Multilateral clearing: businesses cancel out what they owe one another within a network, settling only the net balance and freeing up scarce cash. Examples include Local Loop Merseyside in Liverpool and the global Cycles network.
Voucher and use-credit systems: businesses or producers finance themselves by issuing prepaid vouchers that can be redeemed against their own future goods or services. Classic cases are Deli Dollars and Berkshire Farm Preserve Notes in Massachusetts, USA.
Savings circles and rotating credit associations (ROSCAs): members pool their money and take turns drawing on the pot, under rules they set themselves. Examples include kin.coop in the UK and the Sarafu Network in Kenya (which combines several mechanisms including mutual credit and community currencies).

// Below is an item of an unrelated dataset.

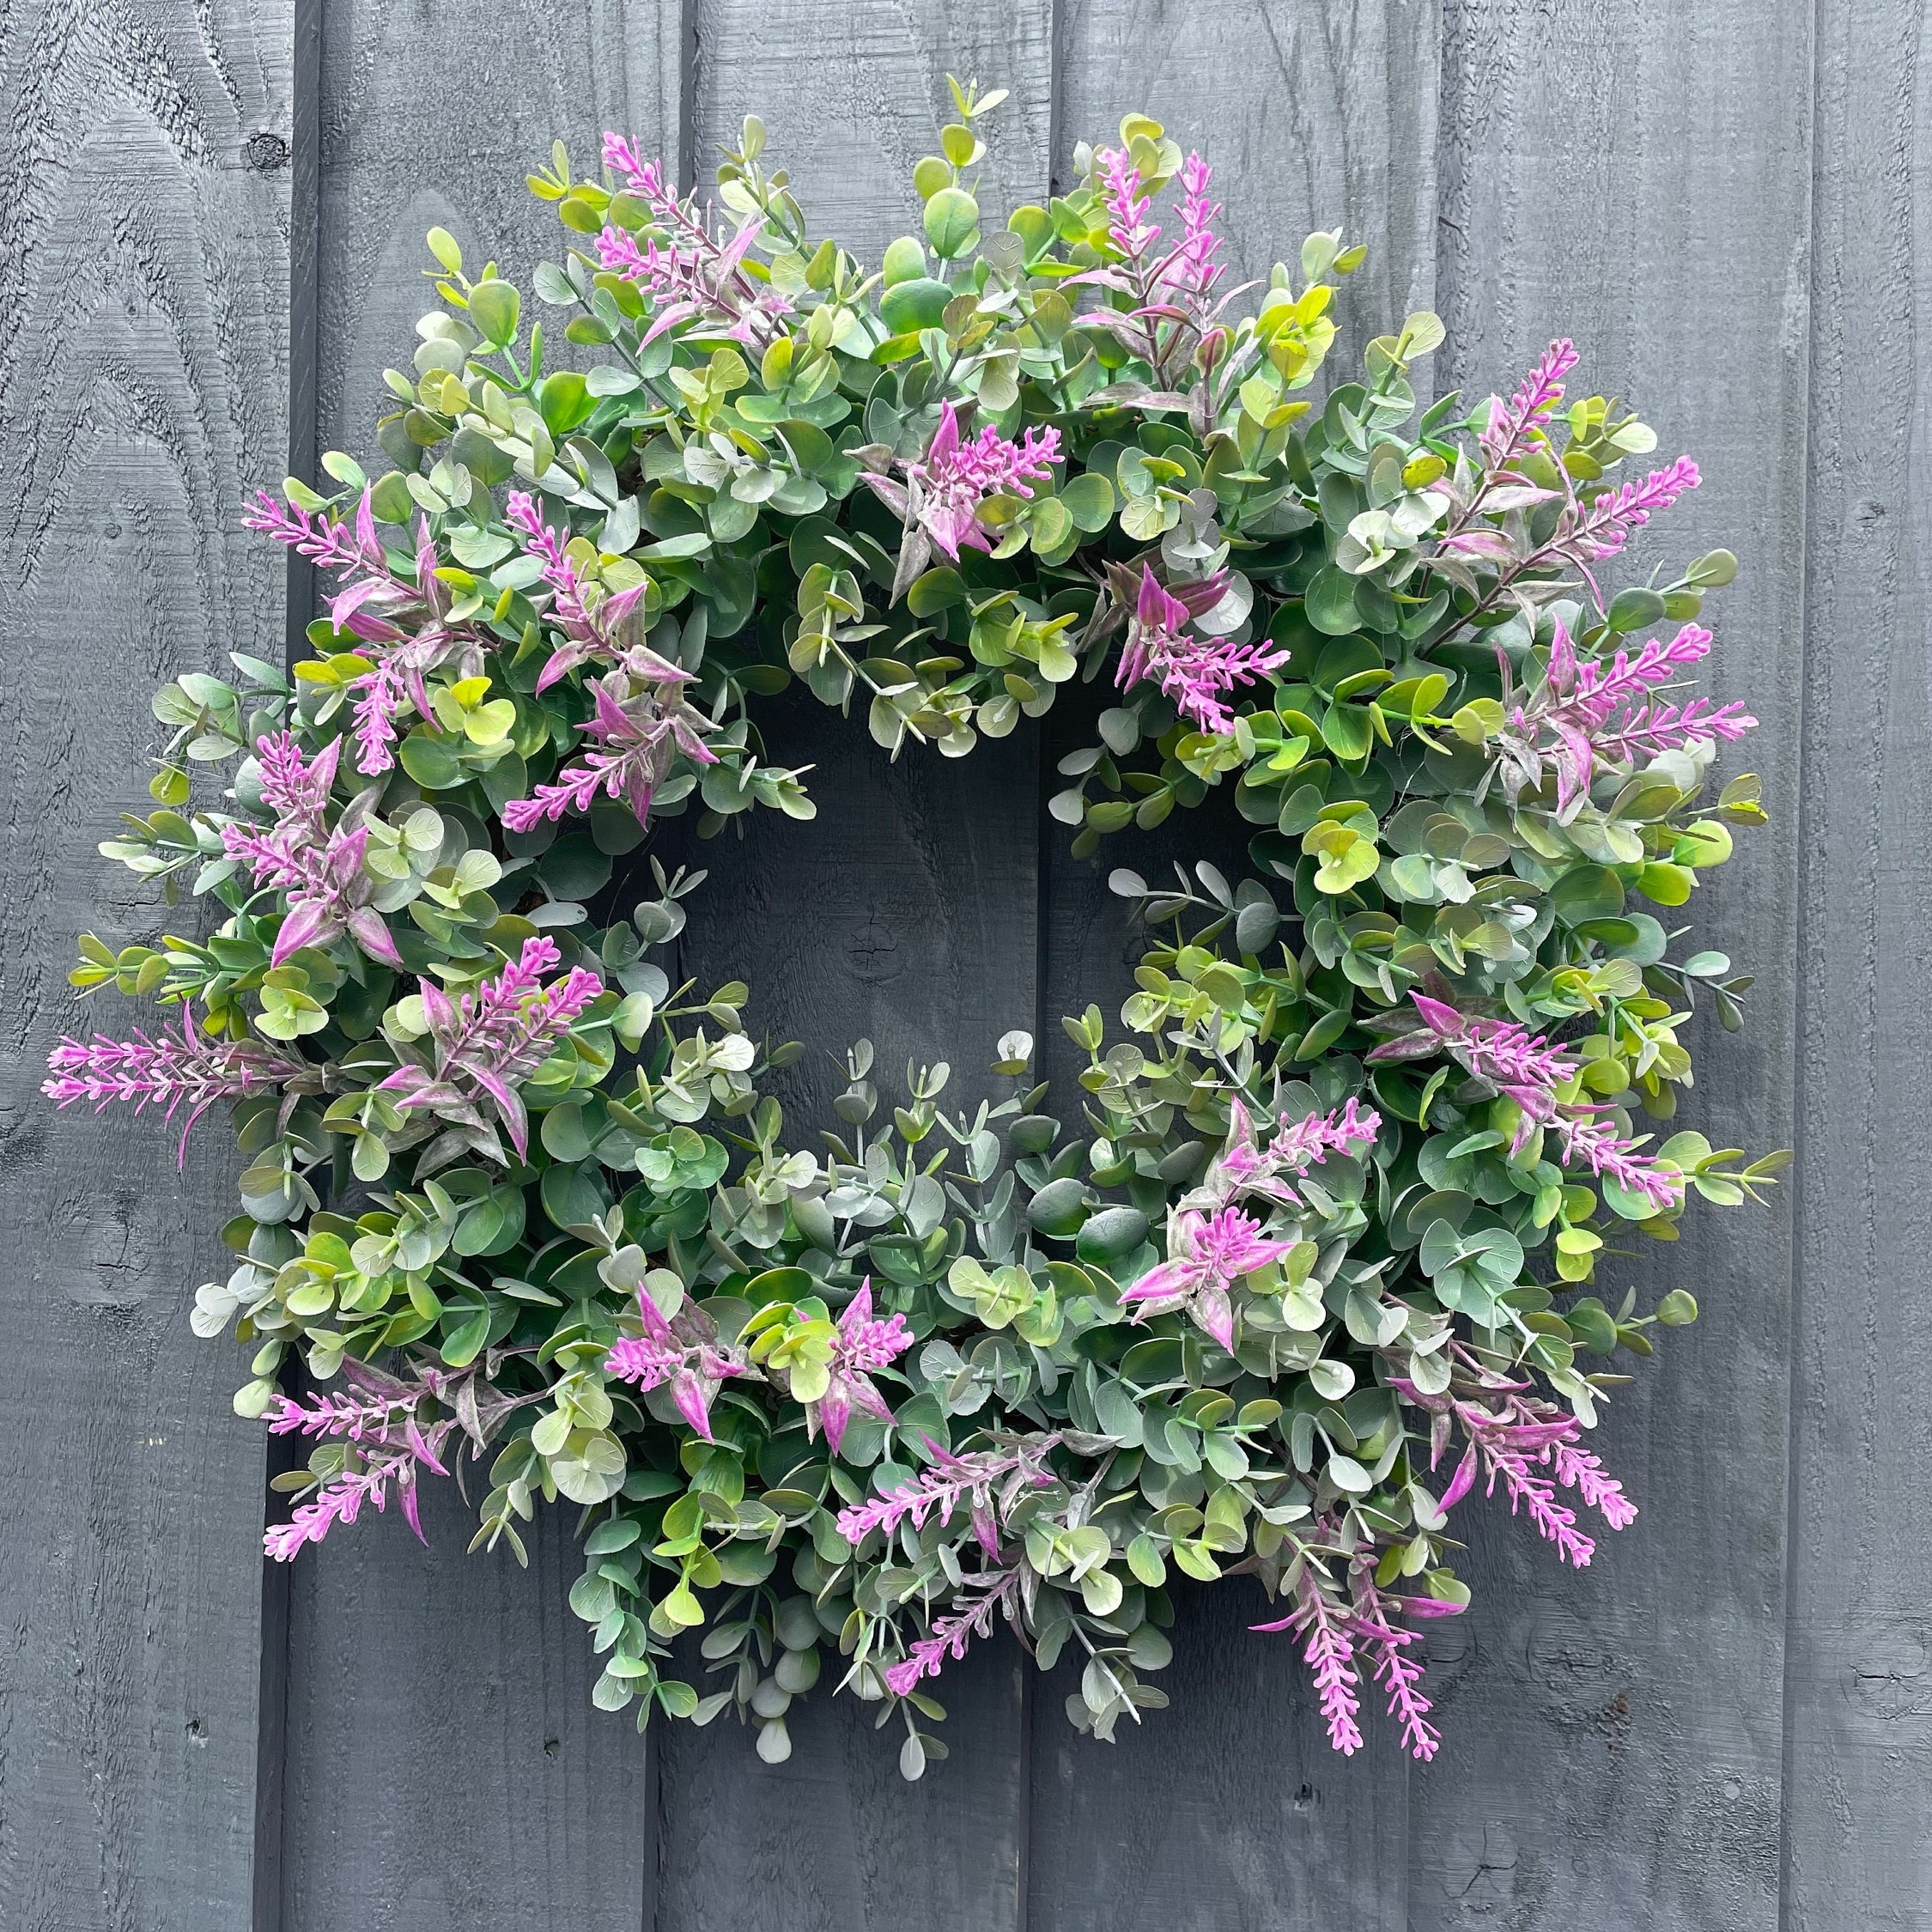 Lanender wreathsdoor wreaths/wreaths for front door/summer door

Community investment: residents collectively finance shared assets such as housing, renewable energy, shops, or pubs, keeping ownership and returns local. In the UK alone, for example, community shares have funded hundreds of such projects over the last two decades.

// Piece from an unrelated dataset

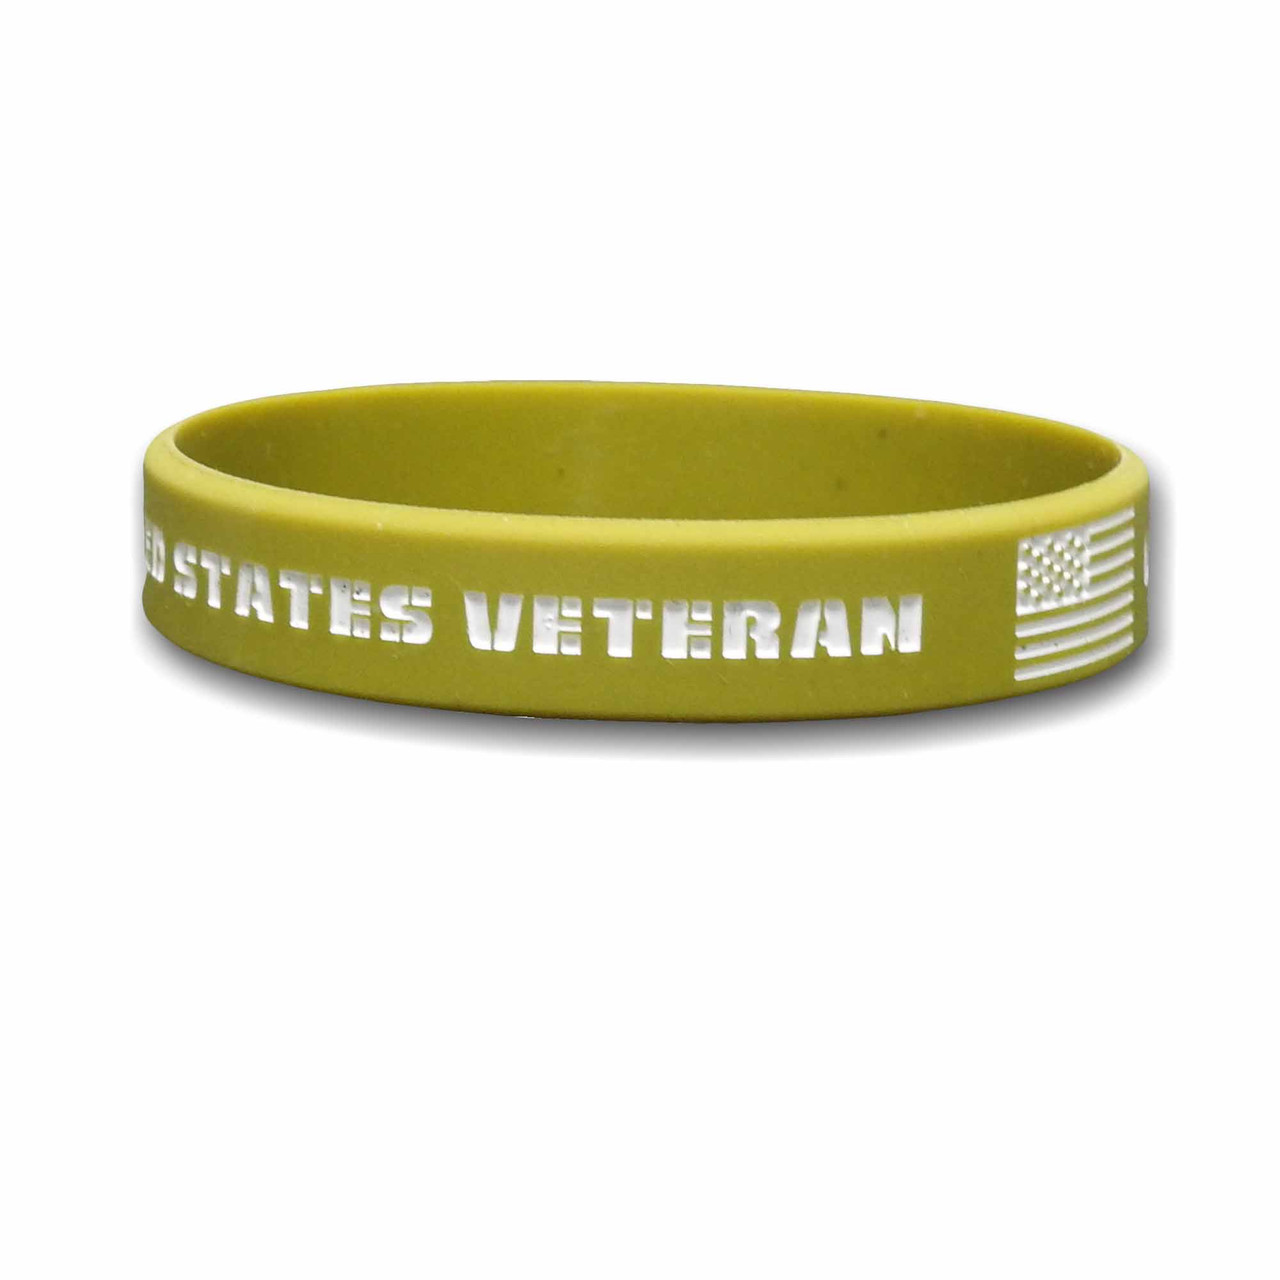 United States Veteran Silicon Wristband/Bracelet

Mutual insurance: participants collectively share risks among themselves rather than outsourcing them entirely to commercial insurers, much as the original friendly societies and tontines once did.
What can I do?
Finance is always a shared activity – you can’t do it on your own! But you can start by deprogramming yourself from deep cultural indoctrination. Reflect on what these words really mean:
Money is a means, not an end in itself.
Value is what you value, not the market.
Work is the creation of wealth for yourself or for your community.
Wealth is not the balance of your bank account but the quality of your life, your health and your relationships.
Security is emotional and relational, not just physical or material.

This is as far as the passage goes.